The problem, of course, is that it doesn’t work. The underpaid, undermotivated, poorly managed stormtroopers can’t even track down the Empire’s most wanted fugitive androids in an extremely sparsely populated area where they have undisputed control. If Tatooine still had meaningful senatorial representation and local government, Luke never would have gotten off the planet. Whole systems just break away and form not just a resistance, but a giant frickin’ fleet of spaceships that destroy not one, but two death stars. The failure of leadership is so total and complete that Tarkin is killed in his own fortress and the Emperor is murdered in his own office by his own right-hand man.

It’s a lot like assuming having nuclear weapons will allow you to dictate policy and control people and places pretty much for free. In reality, to control a place, you have to spend a lot of resources, no matter how powerful you are. Because people will continue to have problems and complain even if you threaten to kill them, and not dealing with those problems, no matter how strong you are, eventually leads to the failure and collapse of your administration.

The Death Star is a cheaper solution to the problem of projecting imperial power across the galaxy, but cheaper solutions are worthless – and turn out to be much more expensive in the long run – if they don’t work.

About Think TankThink Tank is an occasional series of articles written by Overthinkers in collaboration and friendly competition.

death star, economics, empires, imperialism, marxism, marxist-leninism, mercantilism, star wars, trade

slims on Mon, 25th Apr 2011 10:45 am 

Depending on how far you expand the Star Wars universe (in this case, I’m including KOTOR, since it’s convenient for my argument) I think you have to seriously consider the Empire as a corporate state.

* In KOTOR, one of the major actors is the Czerka Corporation. It is a much maligned mega-corporation that administers the spaceports and cities throughout the Empire, including bureaucracy and towns (notably Anchorhead on Tatooine, a small city not because of the scale of the empire as suggested above but because desert worlds have neither the resources nor the need for larger cities). By imposing a profit-model corporate structure, you reduce the bureaucracy problem of the far-flung Empire.

* Trade Guilds in the prequel trilogy – suggesting that economic motives are not just important but central to many of the movements of the Republic/Empire and its internal actors

* As noted above, economic actors are the rule, not the exception (merchants, smugglers, black market, gray market, etc.)

* The mass production of TIEs, armaments, droids, AT-ATs, etc. has never been done on a state level – this level of development suggests, at minimum, a very intricately connected military-industrial complex – but more likely a situation where the corporation and the state are the same entity.

* The operations of the Galactic Senate – particularly with the “Vote of No Confidence – easily mimic those of a highly contentious public stockholder meeting.

* The uniform requirements of the empire suggest a strict set of operating rules for even the most autonomous actors – not unlike the uniform requirements at your local McDonalds.

In this case, then, you get a new perspective to analyze the destruction of Alderaan.

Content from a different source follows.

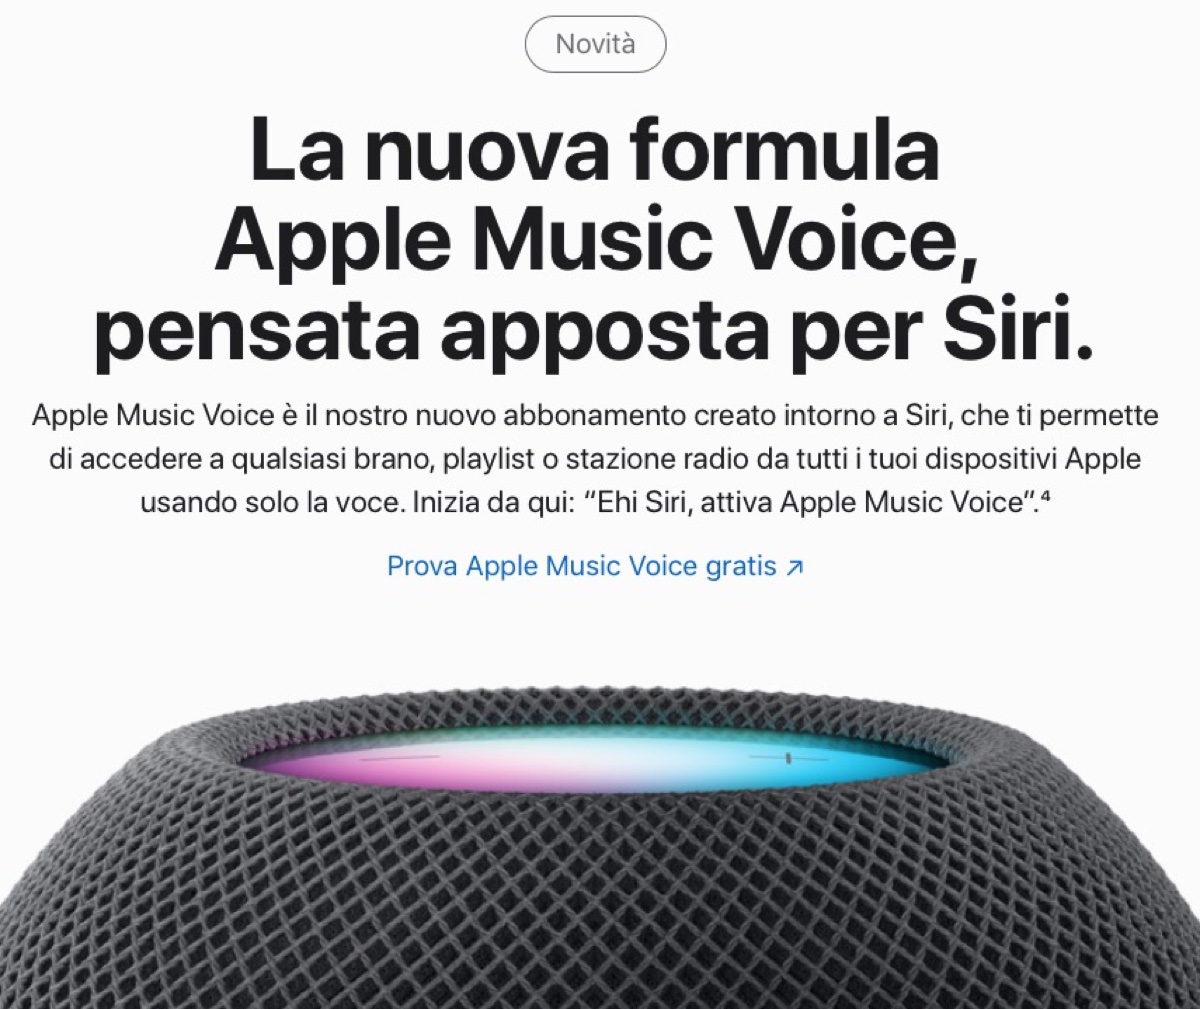 Apple Music Voice, come funziona il piano super economico

The Empire is essentially eliminating the license for a franchise. In the same way that Burger King might revoke a branch’s franchise rights for misrepresenting the brand somehow, even in a profitable way, the Empire is revoking the rights for Alderaan to be a Empire-franchised planet. Aggressively, in this case. And as you’ve noted above, the brand power of the Empire may be its most important asset.

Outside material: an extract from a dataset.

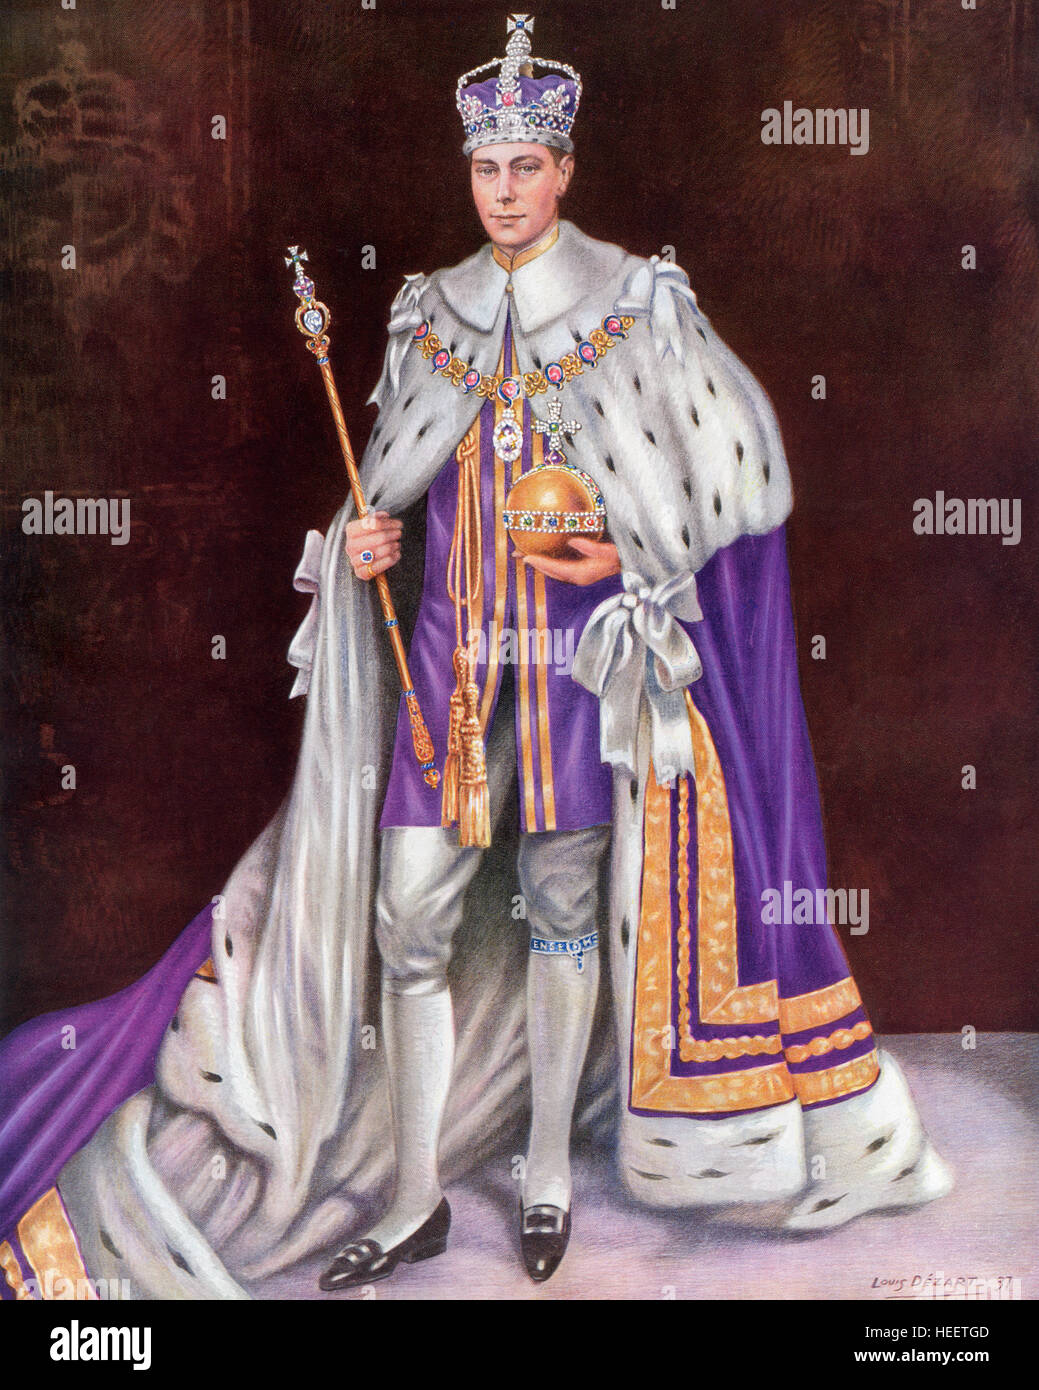 George VI, 1895 – 1952.  König des Vereinigten Königreichs und der Besitzungen des britischen Commonwealth. Hier zu sehen am Tag seiner Krönung im Jahre 1936 trägt die Krönung Roben und die Krone und hält den Reichsapfel und Zepter. Stockfoto

The beauty of the franchise model is that Death Star Planet Destruction isn’t a macroeconomic issue but a liability solution. If the empire is essentially taking a cut off of the planetary economies (e.g. franchising fees), it isn’t incurring any massive hits by destroying Alderaan. It is one of many franchises paying its licensing fees and, if those fees become a liability, ultimately expendable at minimum long-term expense.